We had inspiring conversations with people like Daniel Lubarov, Bobbin Threadbare, and Jordi Baylina about their experience accelerating Plonky 2/3 on existing computer architectures that have deeply influenced how we approached building the VPU.

TL;DR: 

  • Software-hardware codesign = solving the global co-optimization problem in compute, memory, network, input/output, and software. 
  • Fabric has been collaborating with Polygon Labs since 2022. The Polygon Labs team was incredibly helpful in discussing Plonky workloads and existing acceleration efforts, which ensured the VPU architecture would address the bottlenecks on existing hardware. 
  • We solve the PCIe bottleneck problem between CPUs and co-processors by adding a RISC-V (open source CPU) processor directly onto the chip.
  • Number theoretic transforms (NTTs) are memory-hard computations found in ZKPs that are difficult to optimize on existing architectures. We solve the memory bottleneck with a memory architecture that enables end-to-end workloads on the chip, without intermediate memory fetches.  
  • We support recursive proving, a technique in ZKPs to turn large proofs into a set of smaller ones, to maximize the utilization of VPU chips working in parallel.
  • We co-designed new instructions with Daniel Lubarov to provide an additional performance boost in Plonky and general ZK workloads.

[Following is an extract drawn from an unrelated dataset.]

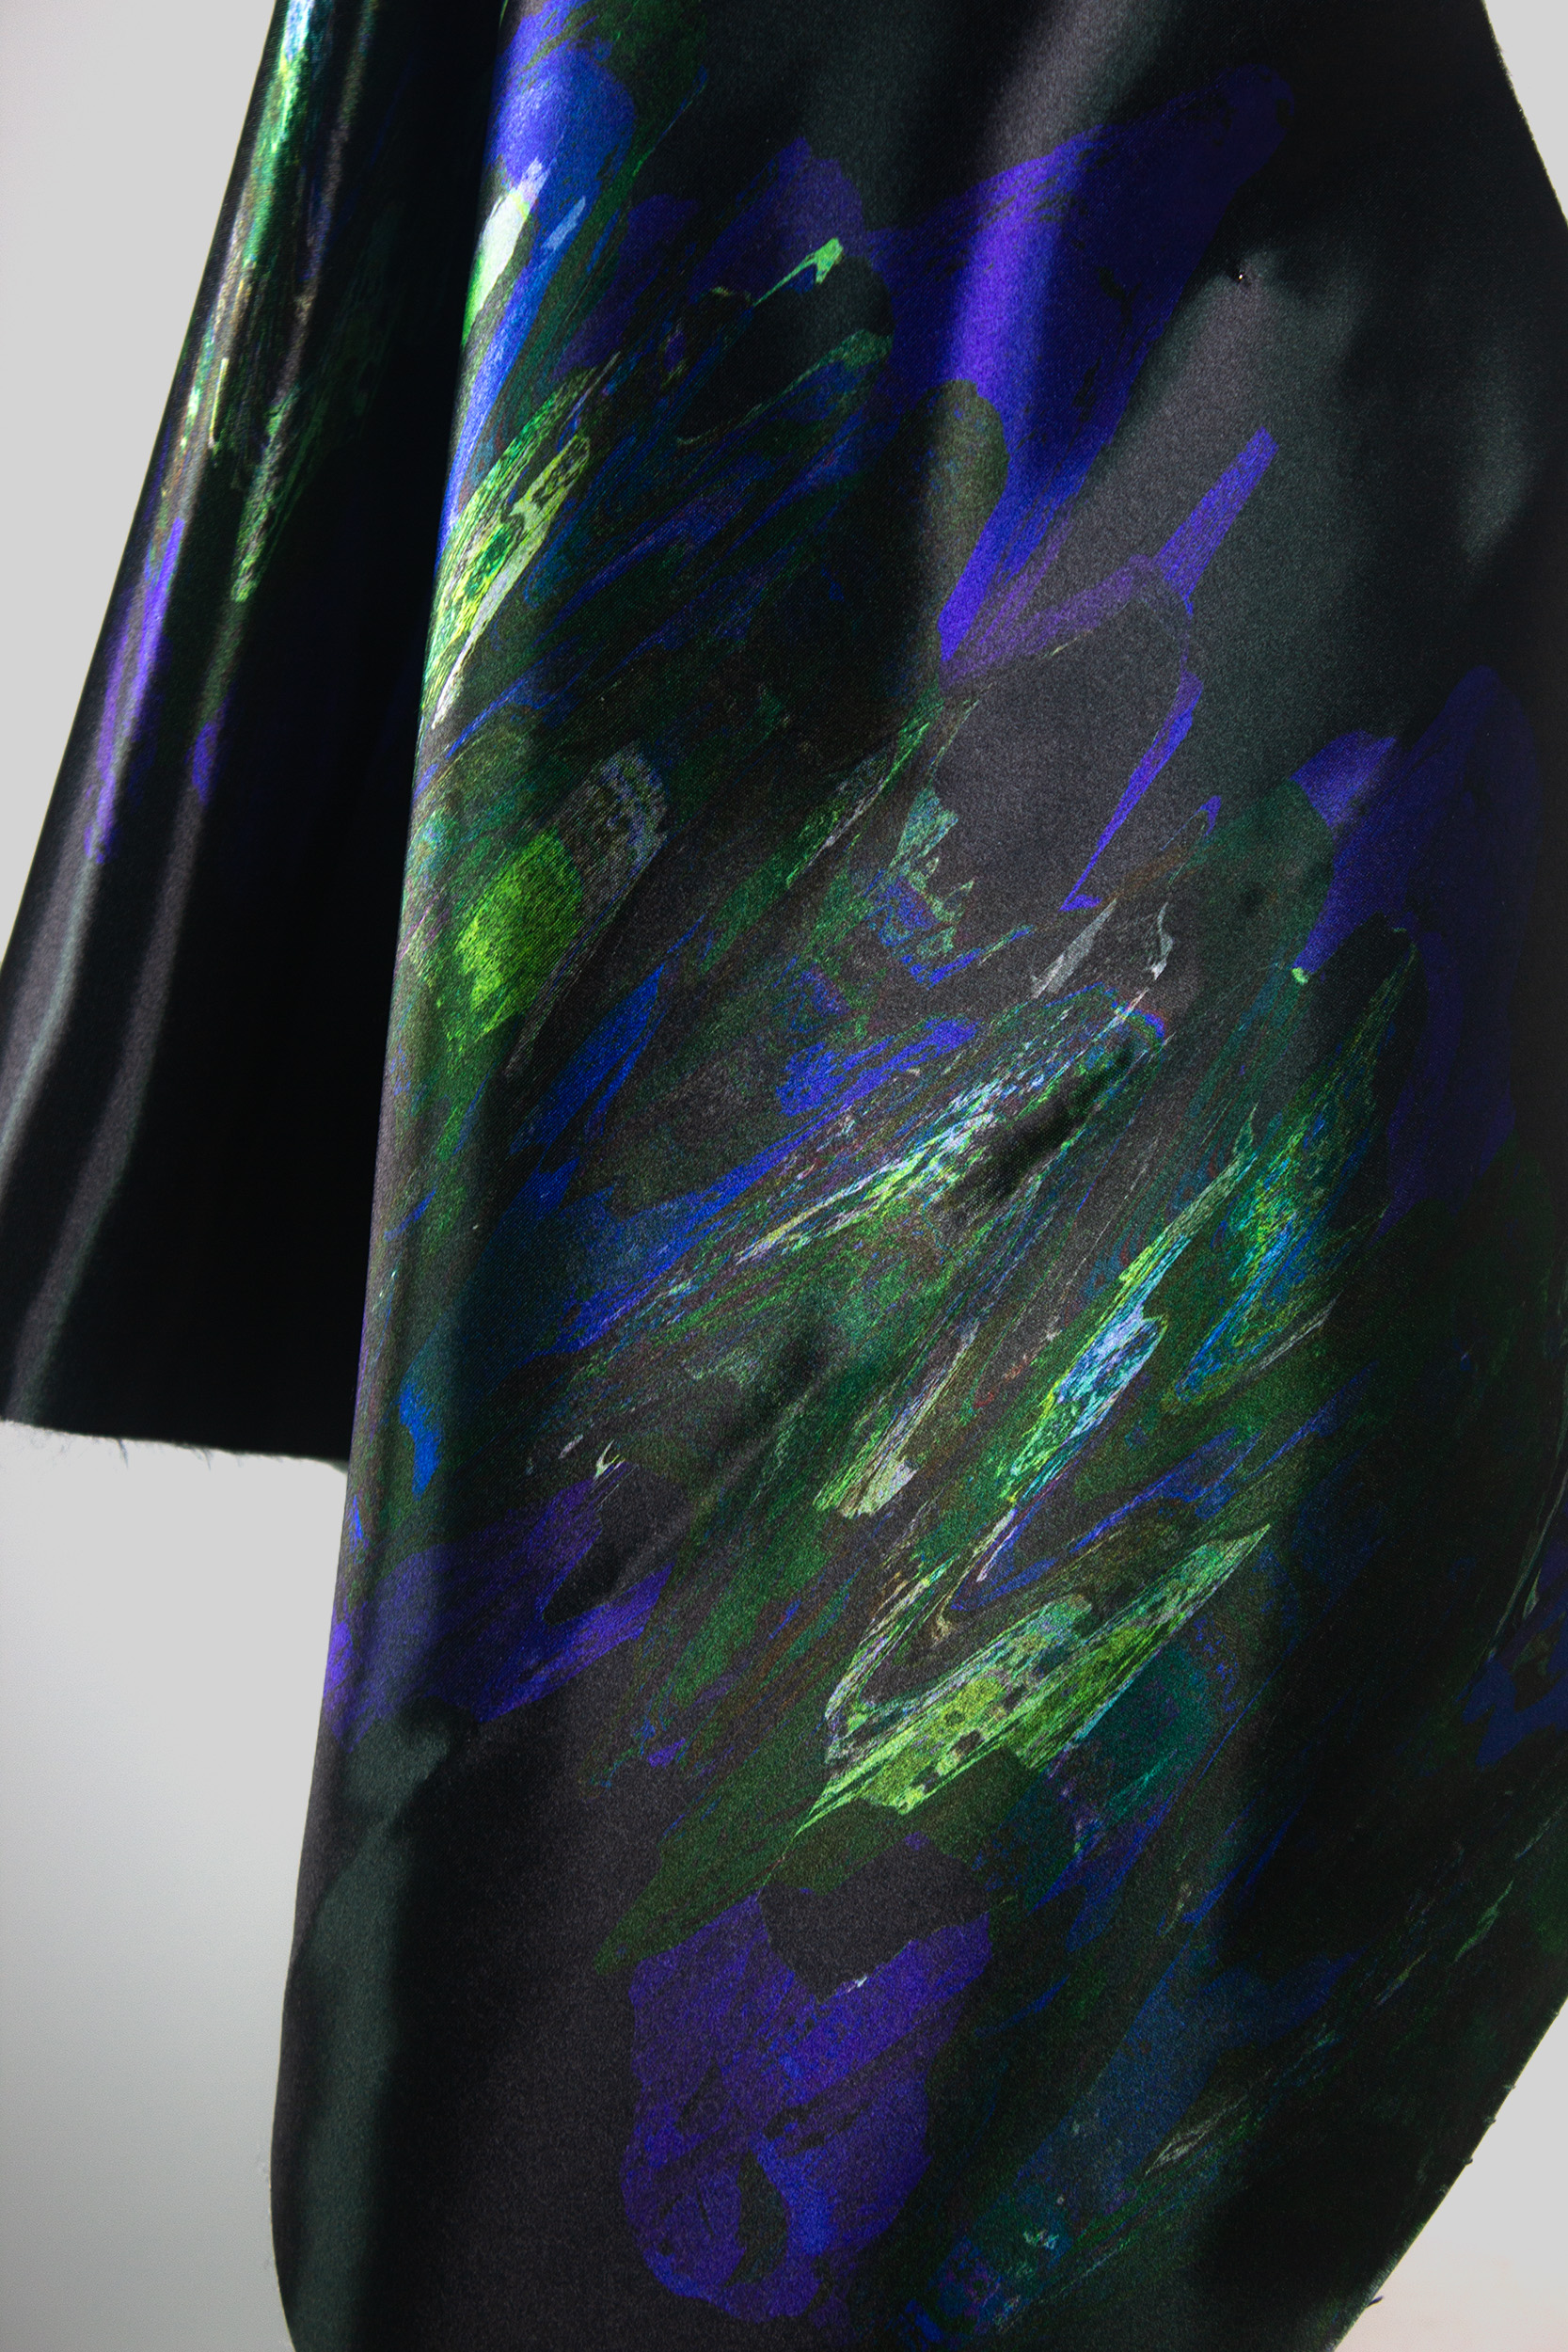 BA Textile Design work by Seren Faber showing a textured print on a highly reflective fabric.
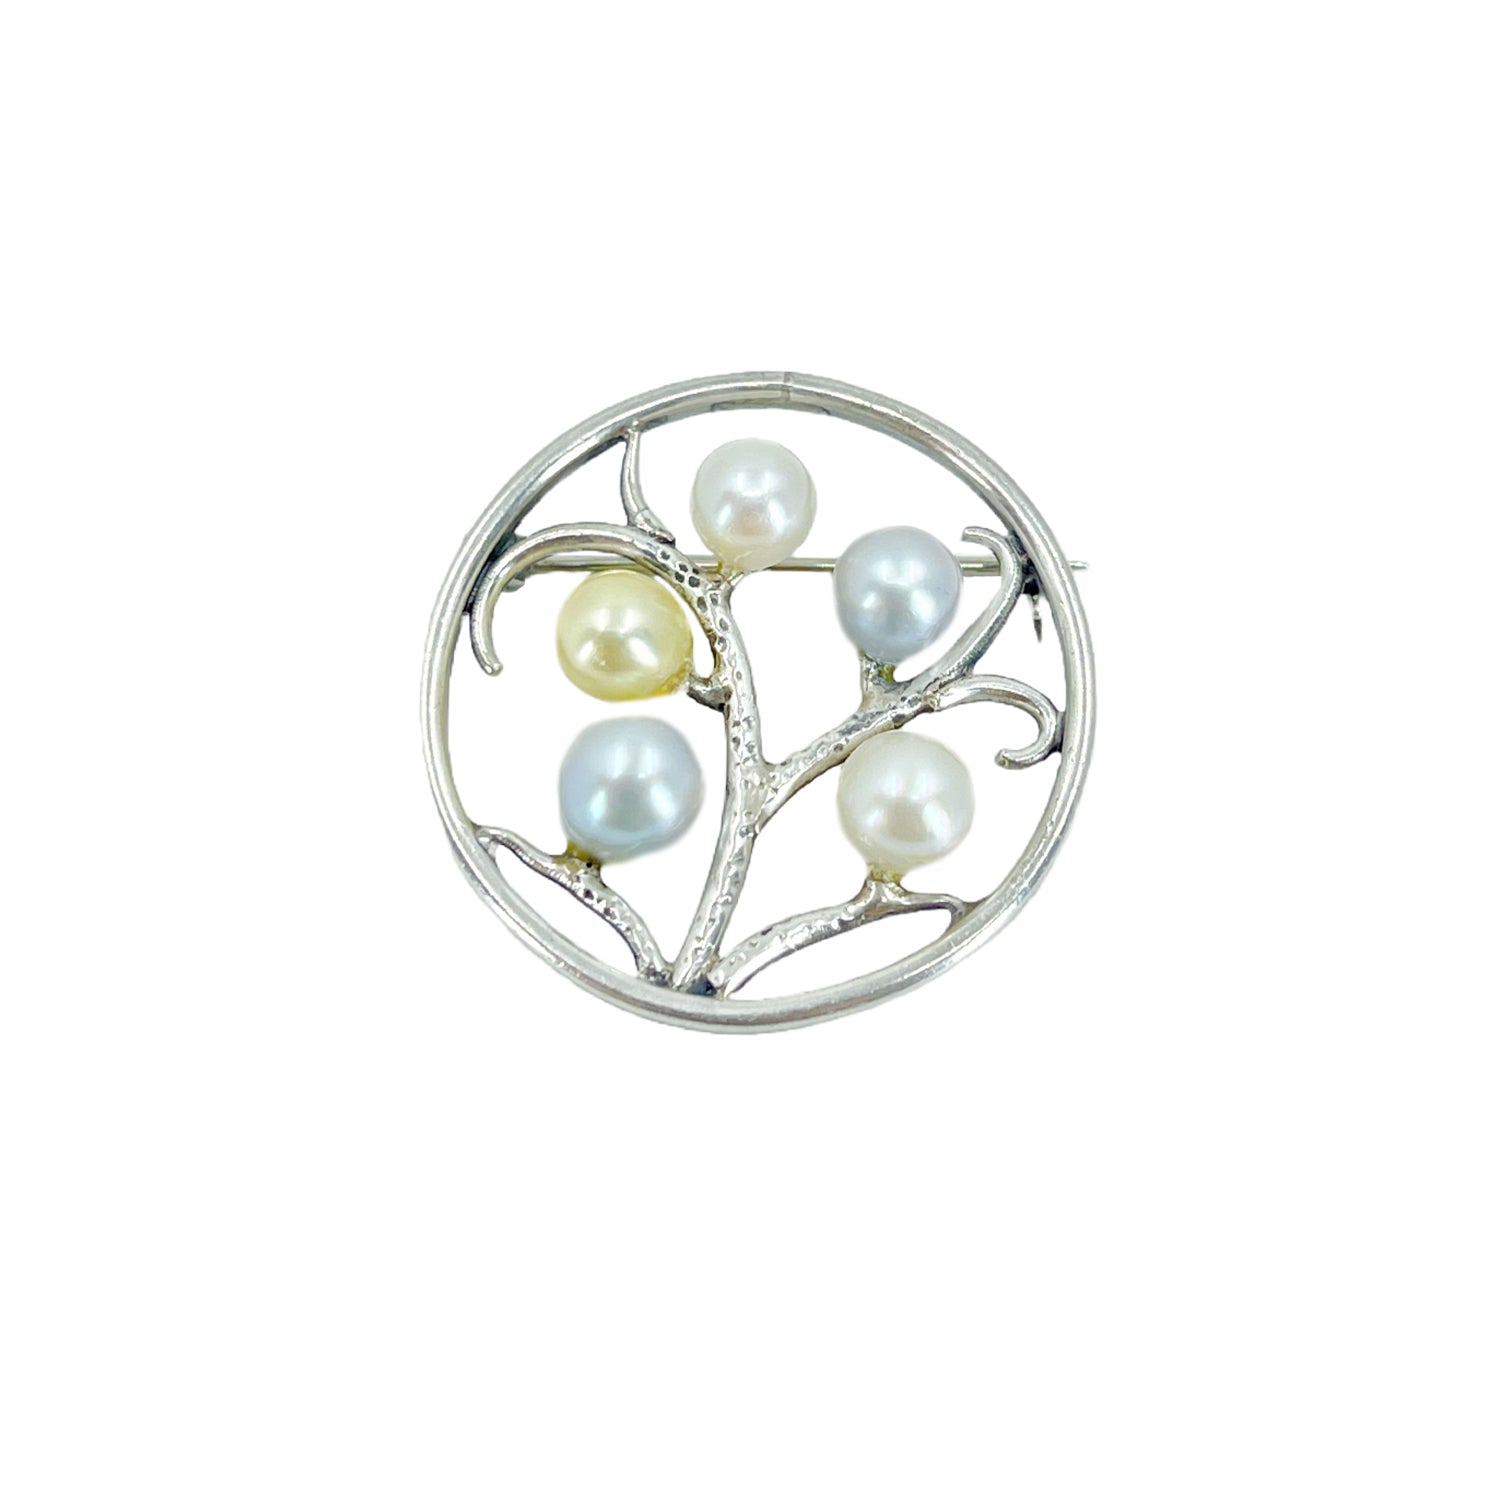  JYX Pearl Brooches for Women Gorgeous Pearl Brooch

The Balancing Act of Computer Architecture 

In 2022, Fabric’s co-founders Michael and Tina had only just begun to conceptualize and explore the VPU’s architecture. We believed making a custom silicon processor with a cryptography-focused instruction set architecture (ISA) would be an important foundation for the new kinds of trust infrastructure being built.

Deliberate choices to accelerate finite-field arithmetic, the main mathematical operations found in advanced cryptography, would give the VPU the processing power needed for cheap, fast, and accessible ZKPs. Prioritizing raw computational power inside our chips was an obvious target, but good computer architecture is always a co-optimization problem in compute, memory, network, I/O and software – and knowing the right tradeoff points would require talking with the experts in production ZK workloads!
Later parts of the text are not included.